[Extracted data entries]

^^^^^^^^

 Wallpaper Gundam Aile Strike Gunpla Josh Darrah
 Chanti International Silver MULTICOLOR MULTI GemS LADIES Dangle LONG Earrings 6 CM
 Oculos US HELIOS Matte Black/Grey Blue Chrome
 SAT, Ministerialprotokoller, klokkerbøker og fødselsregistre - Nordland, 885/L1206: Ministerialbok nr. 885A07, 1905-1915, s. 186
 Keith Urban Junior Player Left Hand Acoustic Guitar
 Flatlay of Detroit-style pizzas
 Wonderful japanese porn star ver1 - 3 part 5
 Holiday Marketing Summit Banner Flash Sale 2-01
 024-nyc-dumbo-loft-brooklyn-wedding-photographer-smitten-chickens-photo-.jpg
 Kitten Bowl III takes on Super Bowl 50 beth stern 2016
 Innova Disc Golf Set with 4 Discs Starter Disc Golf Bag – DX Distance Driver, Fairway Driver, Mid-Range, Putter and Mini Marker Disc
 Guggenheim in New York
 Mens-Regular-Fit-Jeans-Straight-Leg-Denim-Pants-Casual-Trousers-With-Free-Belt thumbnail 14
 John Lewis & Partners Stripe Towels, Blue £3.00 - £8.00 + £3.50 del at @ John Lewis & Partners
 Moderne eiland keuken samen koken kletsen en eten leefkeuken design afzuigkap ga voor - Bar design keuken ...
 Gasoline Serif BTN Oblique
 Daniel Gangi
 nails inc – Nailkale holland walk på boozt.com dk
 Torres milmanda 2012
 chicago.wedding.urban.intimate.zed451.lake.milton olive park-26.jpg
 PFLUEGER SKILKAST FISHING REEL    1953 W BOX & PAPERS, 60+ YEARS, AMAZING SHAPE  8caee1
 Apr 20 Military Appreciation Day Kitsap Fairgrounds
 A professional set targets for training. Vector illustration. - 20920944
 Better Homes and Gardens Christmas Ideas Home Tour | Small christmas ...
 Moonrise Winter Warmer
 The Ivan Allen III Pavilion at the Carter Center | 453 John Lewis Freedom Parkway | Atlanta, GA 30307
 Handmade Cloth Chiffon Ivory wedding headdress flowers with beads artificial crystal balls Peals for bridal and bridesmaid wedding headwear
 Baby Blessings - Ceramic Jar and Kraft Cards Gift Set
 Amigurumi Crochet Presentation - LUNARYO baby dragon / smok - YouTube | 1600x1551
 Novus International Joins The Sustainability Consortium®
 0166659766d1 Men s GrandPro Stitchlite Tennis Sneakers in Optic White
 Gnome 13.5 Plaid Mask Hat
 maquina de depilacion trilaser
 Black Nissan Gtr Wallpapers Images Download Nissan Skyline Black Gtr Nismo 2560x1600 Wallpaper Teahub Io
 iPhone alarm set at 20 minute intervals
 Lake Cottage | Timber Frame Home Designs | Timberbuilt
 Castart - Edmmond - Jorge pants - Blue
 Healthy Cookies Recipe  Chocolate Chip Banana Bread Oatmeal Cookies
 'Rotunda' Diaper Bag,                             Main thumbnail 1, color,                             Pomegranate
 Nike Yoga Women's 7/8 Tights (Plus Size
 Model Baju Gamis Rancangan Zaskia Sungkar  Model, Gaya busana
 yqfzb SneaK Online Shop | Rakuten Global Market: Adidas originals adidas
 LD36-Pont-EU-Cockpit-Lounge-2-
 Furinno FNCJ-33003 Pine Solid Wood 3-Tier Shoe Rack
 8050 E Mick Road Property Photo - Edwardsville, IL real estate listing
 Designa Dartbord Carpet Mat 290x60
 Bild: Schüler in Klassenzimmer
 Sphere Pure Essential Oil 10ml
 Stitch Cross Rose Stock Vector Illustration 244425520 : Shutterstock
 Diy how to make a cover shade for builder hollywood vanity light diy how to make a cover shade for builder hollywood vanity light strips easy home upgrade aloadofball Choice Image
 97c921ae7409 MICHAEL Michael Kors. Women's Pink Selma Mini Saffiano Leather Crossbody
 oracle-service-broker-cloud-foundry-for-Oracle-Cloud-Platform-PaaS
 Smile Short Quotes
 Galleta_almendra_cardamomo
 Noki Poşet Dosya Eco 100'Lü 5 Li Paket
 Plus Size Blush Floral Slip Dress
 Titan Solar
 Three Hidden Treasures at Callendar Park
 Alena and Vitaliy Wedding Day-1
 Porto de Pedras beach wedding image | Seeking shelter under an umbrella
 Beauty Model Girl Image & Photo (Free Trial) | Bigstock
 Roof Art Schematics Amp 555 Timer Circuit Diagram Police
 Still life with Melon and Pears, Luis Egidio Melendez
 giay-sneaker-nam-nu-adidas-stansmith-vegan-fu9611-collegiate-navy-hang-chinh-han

^^^^^^^^

> WHAT YOU NEED TO DO:
Write down again, exactly as given, only the lines above that fall from the line with "Titan Solar" to the line with "Roof Art Schematics", inclusive.

> RESPONSE FOR THIS EXERCISE:
 Titan Solar
 Three Hidden Treasures at Callendar Park
 Alena and Vitaliy Wedding Day-1
 Porto de Pedras beach wedding image | Seeking shelter under an umbrella
 Beauty Model Girl Image & Photo (Free Trial) | Bigstock
 Roof Art Schematics Amp 555 Timer Circuit Diagram Police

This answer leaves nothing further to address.